Coincidentally, current LIV Golf CEO Greg Norman won his first major at Turnberry in 1986, so the stars are aligned for ‘The Shark’ to schedule an event there for the first time. But doing so would be a direct shot at the R&A, who refuses to return to Turnberry for as long as Trump owns it. The R&A wants The Open to be about golf, not politics. And yet, political differences have not stopped Norman and LIV in the past. Since its launch in 2022, LIV Golf has staged events on a Trump-owned course on five occasions.
But if Turnberry denies LIV Golf, which, frankly, is the likeliest of outcomes, where could the Saudi-backed circuit turn to? The best links courses in the British Isles are already a part of The Open rota. None of those clubs would want to upset the R&A and ruin their chances of hosting golf’s oldest major in the future, either.

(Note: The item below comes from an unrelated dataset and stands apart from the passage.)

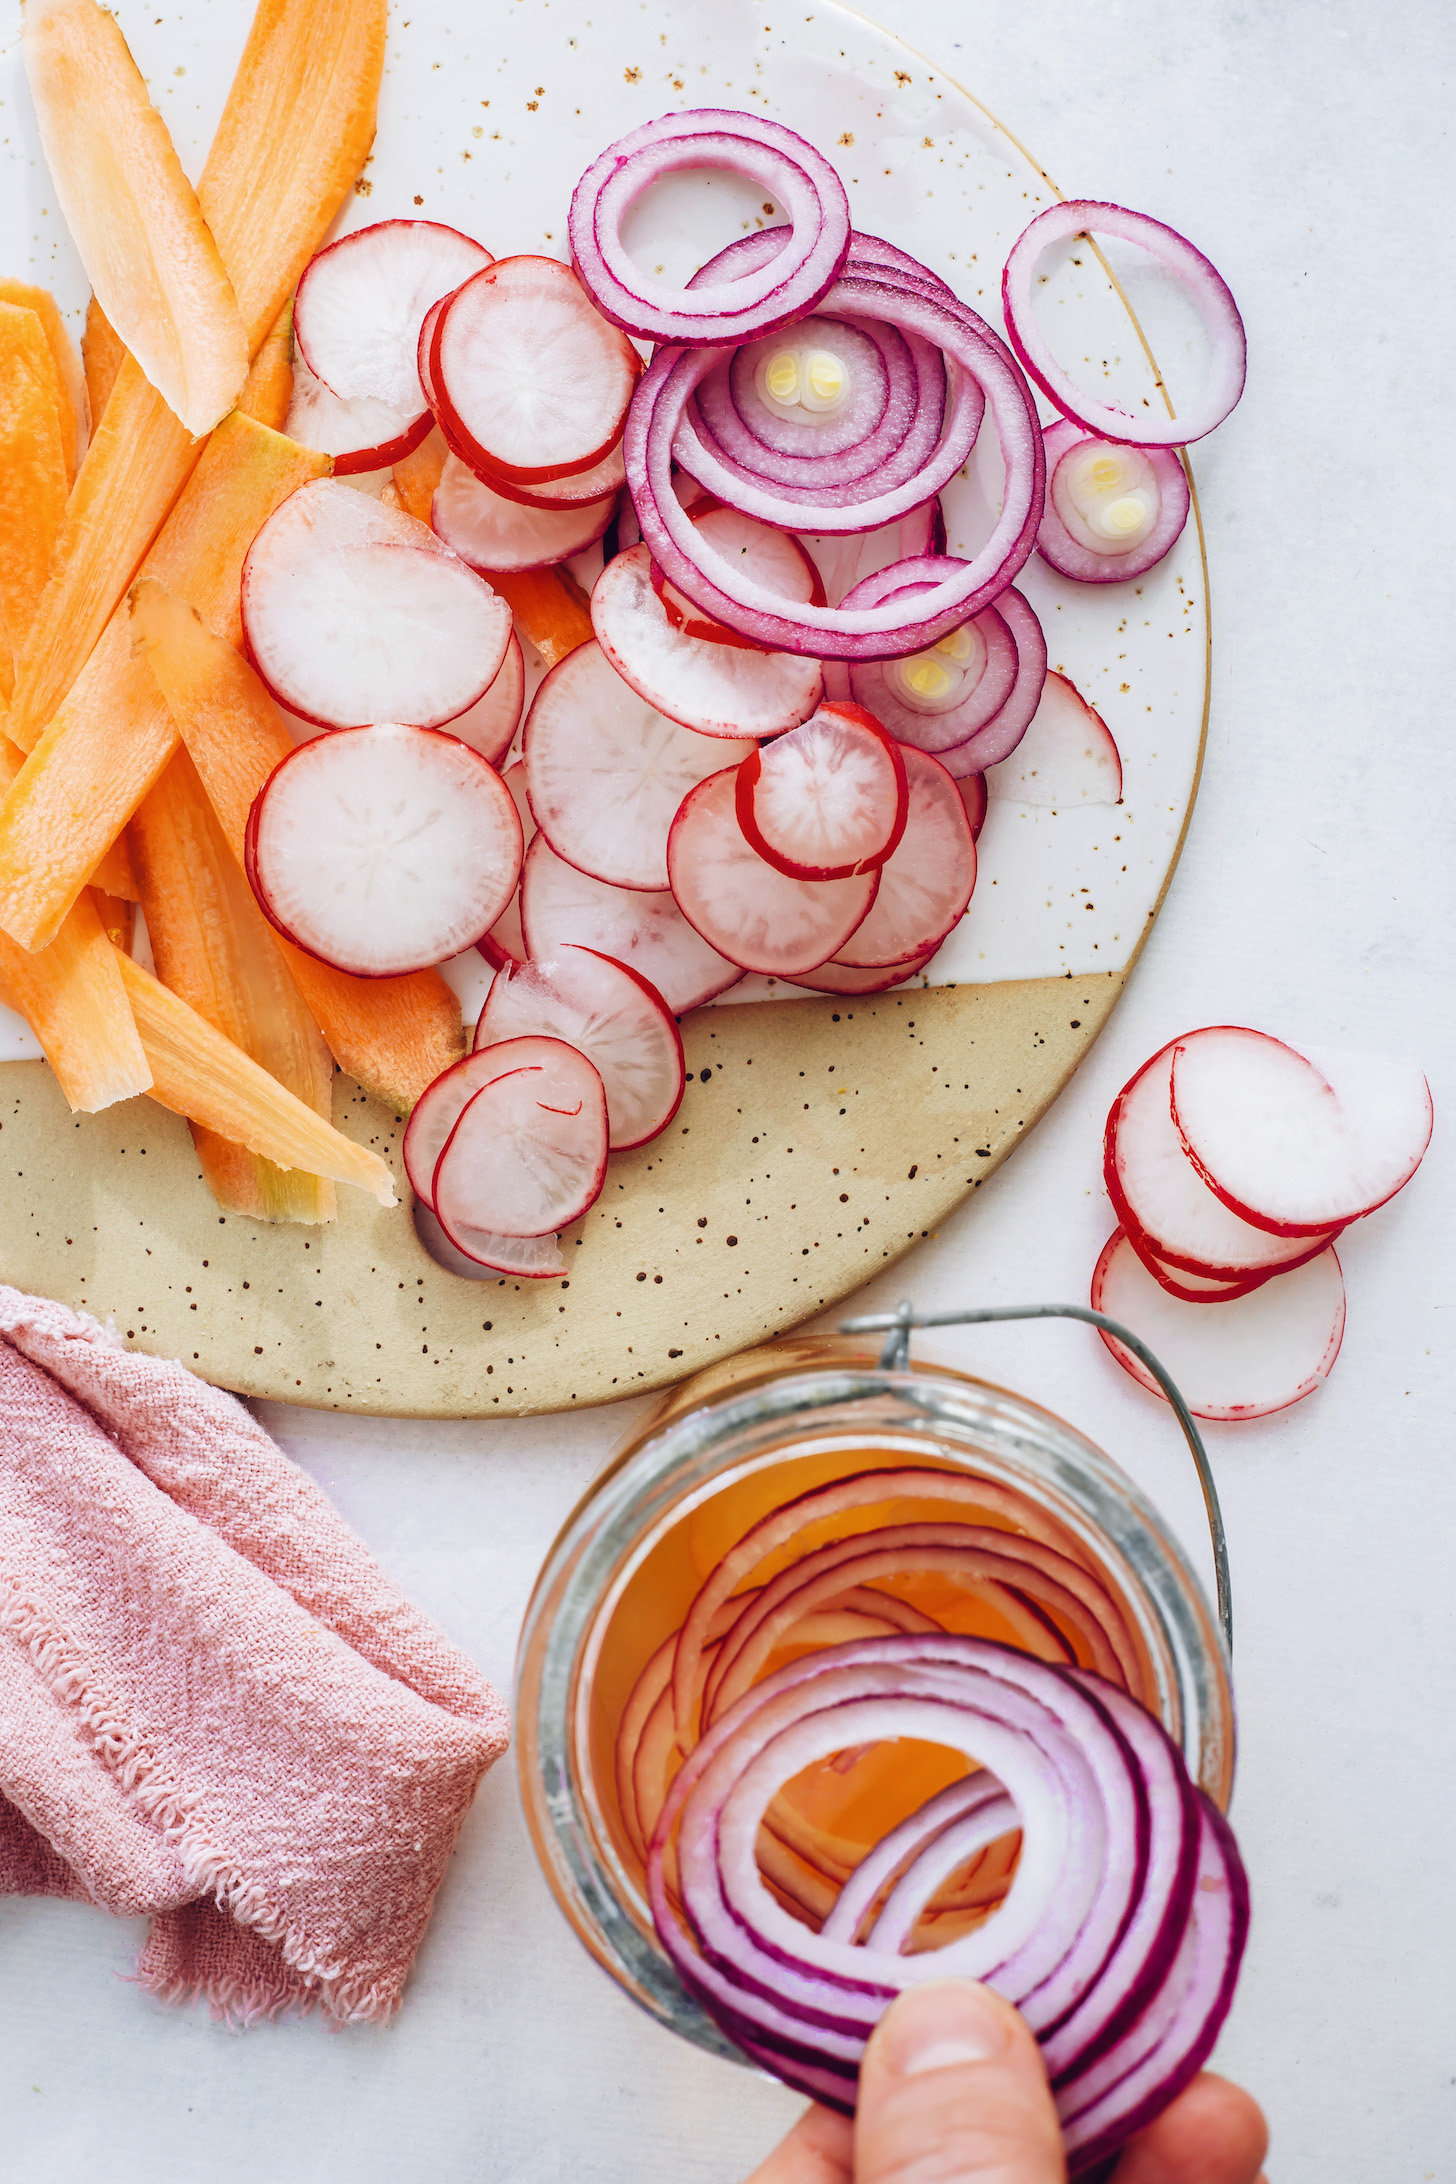 Placing red onion in a jar to make quick pickled vegetables

Then again, some venues have seen current times pass them by. With most courses residing in small towns, contemporary Opens completely take them over nowadays. Plus, with the game being longer than ever, the R&A can only host The Open at courses long enough for the modern game. So, perhaps LIV can look towards clubs that have not hosted The Open in some time. Maybe Royal Lytham & St. Annes fits that billing. Another venerable English venue, Royal Cinque Ports, which last hosted The Open in 1920, could host a LIV event, too. Who knows. These are just ideas, piggybacking off of Rahm’s and Smith’s desires, but Norman and Co. should certainly consider staging an event that pertains to links golf.
The players want it. But the results show that they need it, too.